‘It’s impossible not to smile’: a quintet of UK teachers on coping with ‘six-seven’ in the educational setting
Across the UK, school pupils have been shouting out the phrase “sixseven” during classes in the latest meme-based craze to sweep across classrooms.
Whereas some teachers have chosen to stoically ignore the phenomenon, others have accepted it. Five educators explain how they’re coping.
‘I thought I had said something rude’
Earlier in September, I had been addressing my eleventh grade tutor group about preparing for their secondary school examinations in June. It escapes me exactly what it was in relation to, but I said words similar to “ … if you’re working to results six, seven …” and the whole class started chuckling. It took me entirely unexpectedly.
My first thought was that I might have delivered an allusion to an inappropriate topic, or that they’d heard a quality in my pronunciation that appeared amusing. A bit annoyed – but truly interested and conscious that they weren’t mean – I persuaded them to elaborate. To be honest, the explanation they then gave didn’t make much difference – I remained with minimal understanding.
What possibly rendered it particularly humorous was the weighing-up movement I had performed during speaking. Subsequently I found out that this typically pairs with ““67”: I meant it to assist in expressing the act of me verbalizing thoughts.
With the aim of kill it off I try to reference it as frequently as I can. No approach diminishes a craze like this more effectively than an adult attempting to get involved.
‘If you give oxygen to it, then it becomes an inferno’
Knowing about it helps so that you can prevent just accidentally making remarks like “for example, there existed 6, 7 million people without work in Germany in 1933”. When the digit pairing is unpreventable, possessing a rock-solid school behaviour policy and expectations on pupil behavior really helps, as you can deal with it as you would any different interruption, but I haven’t actually been required to take that action. Rules are important, but if pupils embrace what the school is doing, they’ll be more focused by the online trends (at least in lesson time).
With 67, I haven’t sacrificed any instructional minutes, aside from an infrequent raised eyebrow and commenting ““indeed, those are numerals, excellent”. If you give attention to it, it transforms into a blaze.

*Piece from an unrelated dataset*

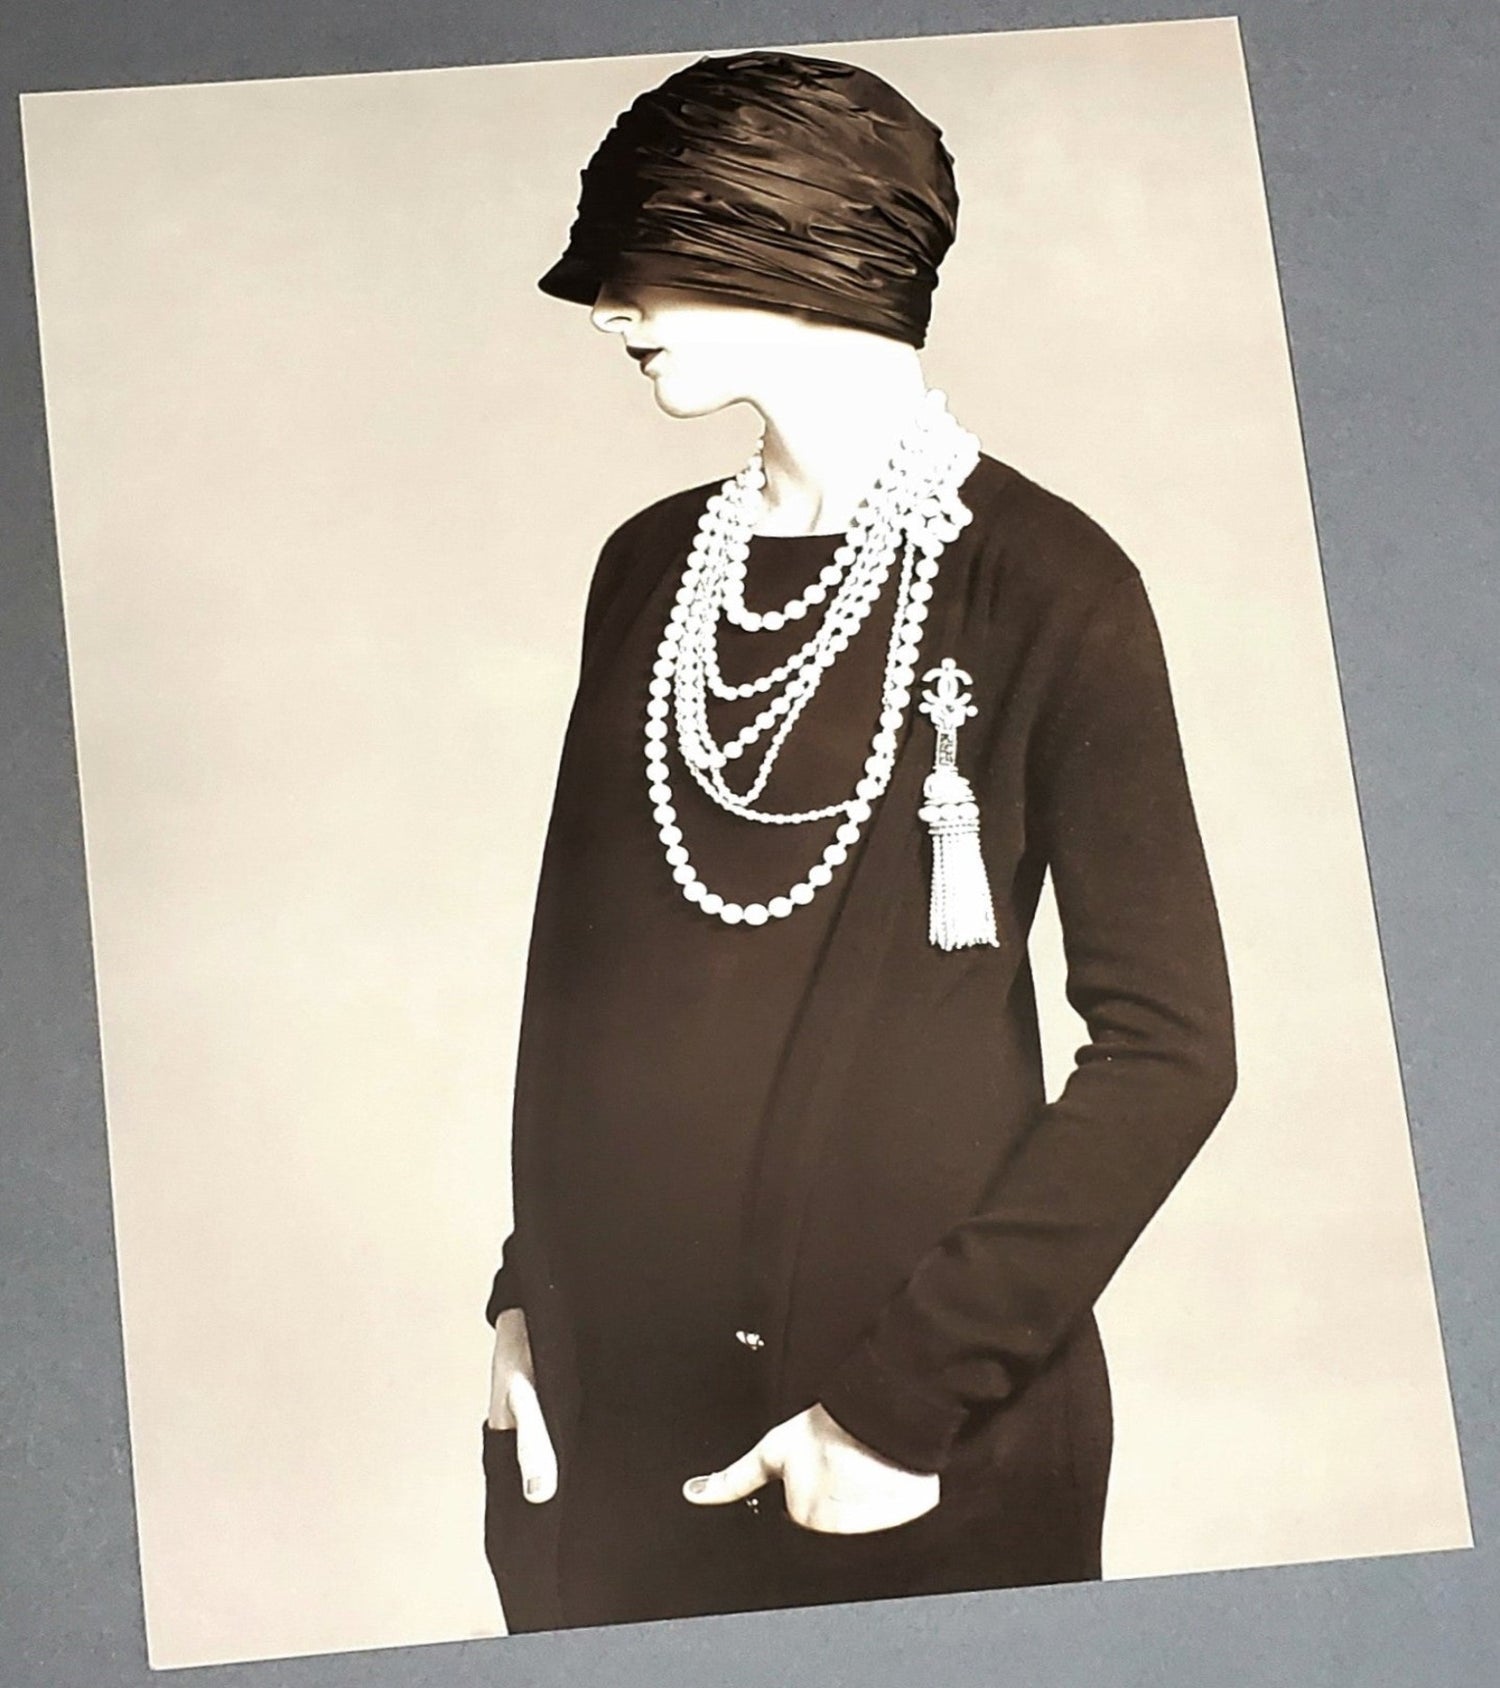 1920s Fashion- Coco Chanel Inspired  Chanel inspired, Coco chanel, 1920s  fashion

I treat it in the equivalent fashion I would manage any other disturbance.
Previously existed the nine plus ten equals twenty-one trend a previous period, and there will no doubt be a new phenomenon subsequently. That’s children’s behavior. During my own growing up, it was imitating Kevin and Perry impersonations (admittedly away from the school environment).
Children are unforeseeable, and I think it’s the educator’s responsibility to react in a way that steers them in the direction of the path that will get them where they need to go, which, fingers crossed, is completing their studies with certificates as opposed to a conduct report lengthy for the use of arbitrary digits.
‘They want to feel a part of a group’
Young learners use it like a unifying phrase in the schoolyard: a student calls it and the remaining students reply to demonstrate they belong to the same group. It resembles a call-and-response or a football chant – an shared vocabulary they possess. In my view it has any specific meaning to them; they merely recognize it’s a thing to say. Whatever the current trend is, they seek to be included in it.
It’s banned in my learning environment, nevertheless – it’s a warning if they call it out – just like any other verbal interruption is. It’s especially challenging in maths lessons. But my pupils at year 5 are pre-teens, so they’re relatively compliant with the rules, whereas I appreciate that at teen education it could be a different matter.
I have served as a teacher for fifteen years, and these crazes last for three or four weeks. This phenomenon will die out in the near future – they always do, especially once their junior family members begin using it and it stops being cool. Afterward they shall be engaged with the next thing.
‘Sometimes joining the laughter is necessary’
I first detected it in August, while teaching English at a language institute. It was mainly young men repeating it. I taught students from twelve to eighteen and it was common with the less experienced learners. I didn’t understand what it was at the time, but I’m 24 years old and I understood it was simply an internet trend similar to when I attended classes.
These trends are constantly changing. ““Toilet meme” was a well-known trend during the period when I was at my educational institute, but it didn’t particularly exist as much in the educational setting. In contrast to “six-seven”, ““that particular meme” was never written on the whiteboard in instruction, so pupils were less prepared to pick up on it.
I simply disregard it, or sometimes I will smile with the students if I unintentionally utter it, trying to understand them and recognize that it’s merely youth culture. I believe they simply desire to experience that feeling of togetherness and friendship.